Петушок решил узнать, правда ли, что из Стокгольма ссылают в «ближайшее родительное отделение» — Уппсалу или Содертелье. Ему выдали список больниц, в которые следует звонить при первых схватках. Если не будет мест, нас направят в другой город.

— Я кладу возле телефона. — Петр оставляет бумажку.

— Может, меня пошлют в Кируну? Уж на полюсе наверняка никто не размножается…

— Роды — не инфаркт. Думаешь, если тебя выгонят из больницы, ты немедленно помрешь прямо на тротуаре? — Он пытается остановить мою истерику.

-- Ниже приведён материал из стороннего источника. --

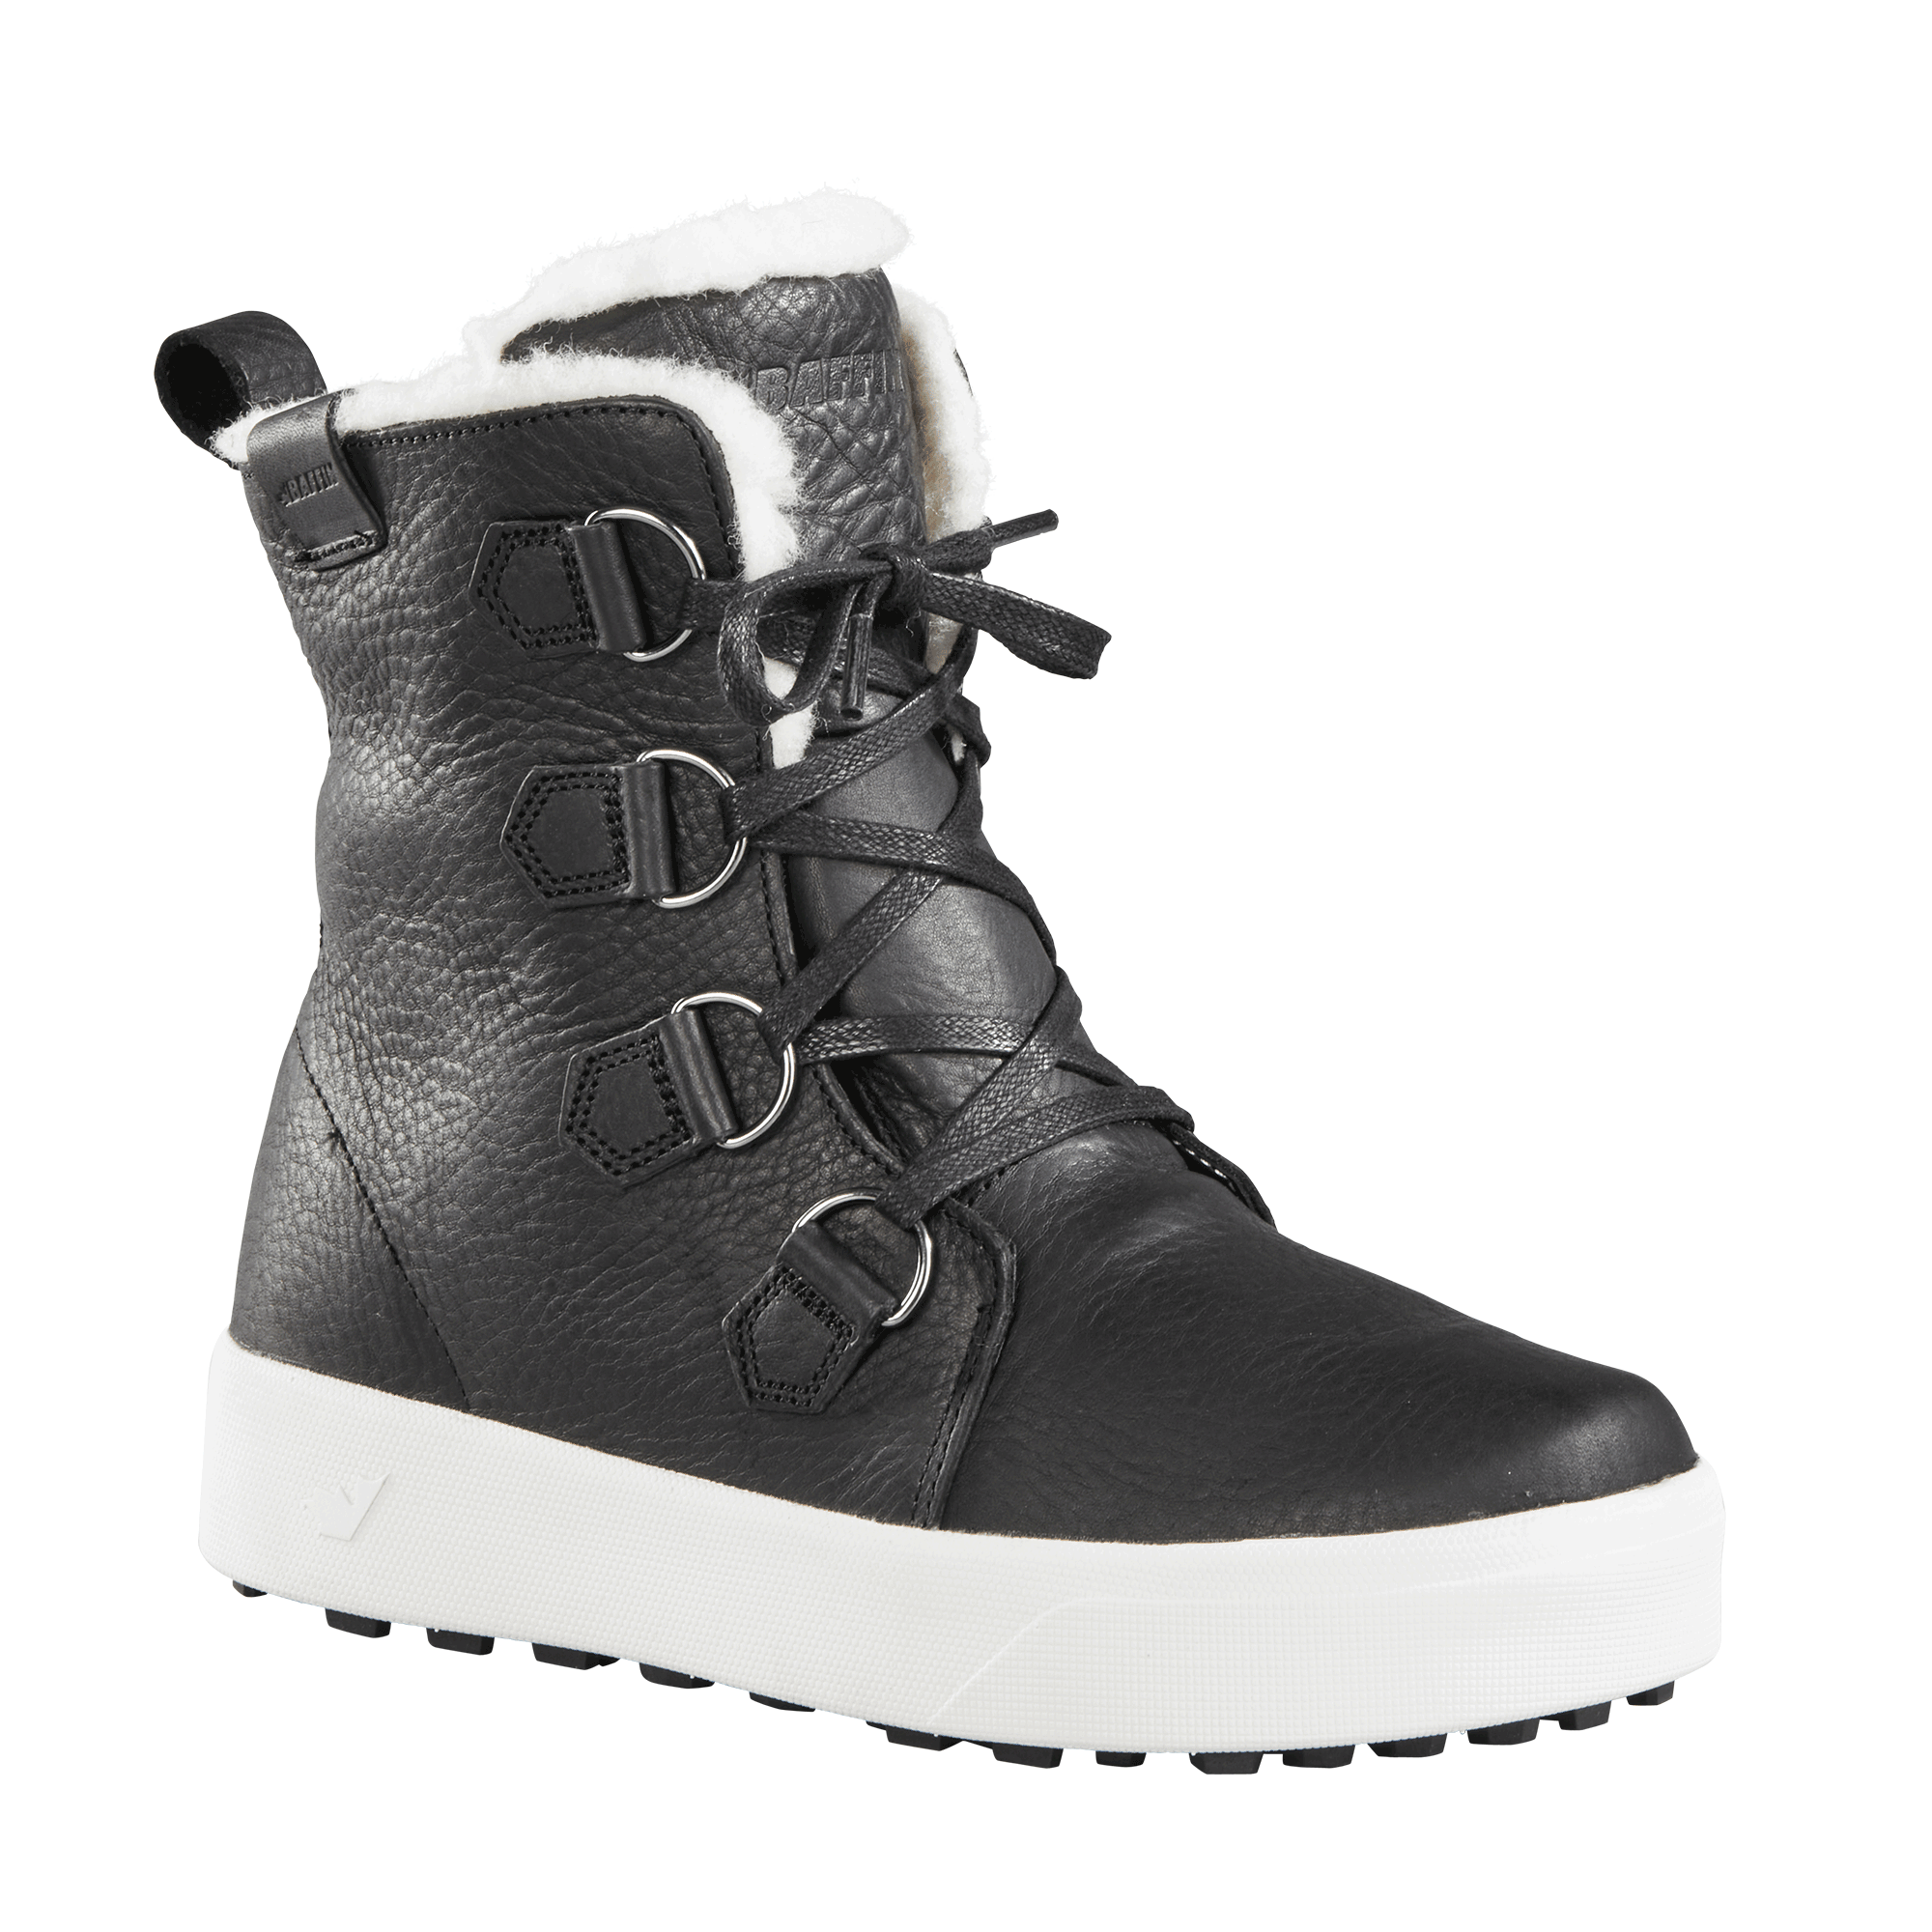 HIGH PARK | Women's Boot – Baffin - Born in the North '79

Современные роды. Никаких школ для будущих матерей — всякое там дыхание, пыхтение и расслабление. Я буду занята исключительно тем, что начну грязно домогаться внимания переполненных больниц.


24 февраля

Приехала шведская фотогруппа — снимать для журнала «Твуй стыль» наше «домашнее уединение». Фотограф занят исключительно проблемами освещения, хотя студия велела ему «проникнуть в психологию человеческих отношений». Почему-то самым важным в «психологии» ему кажется положение рук. А отнюдь не выражение лица или композиция.

— Руки! Обхвати себя, сожми в объятиях, — командует он, запечатлевая мой ужас. Нахал. Ему кажется, что это признак суперпрофессионализма.

Парень не в состоянии запомнить, как зовут Петра. Называет его Петролем. Сам похож на смуглого сына Магриба. Спрашиваю, где он так загорел. Нигде. У него от природы оливковая кожа и черные волосы. Родители — выцветшие блондины. Странно? Он задумывается. Перестает молоть языком — впервые с того момента, как переступил порог. Что-то выбило его из привычного ритма. В спальне замечает фотографию Петра с белым пасторским воротничком.

— Ты священник? — спрашивает юноша с уважением, ожидая духовных откровений.

— Нет… для композиции требовался белый квадрат под подбородком, — признается Петушок.

Постепенно безумие охватывает весь наш домик.

— Имеете колбаса? — Ассистент фотографа, наполовину швед, наполовину поляк, говорит по-польски с американским акцентом. Три последних года провел в Штатах, в фотошколе. Он молод и полон добрых намерений.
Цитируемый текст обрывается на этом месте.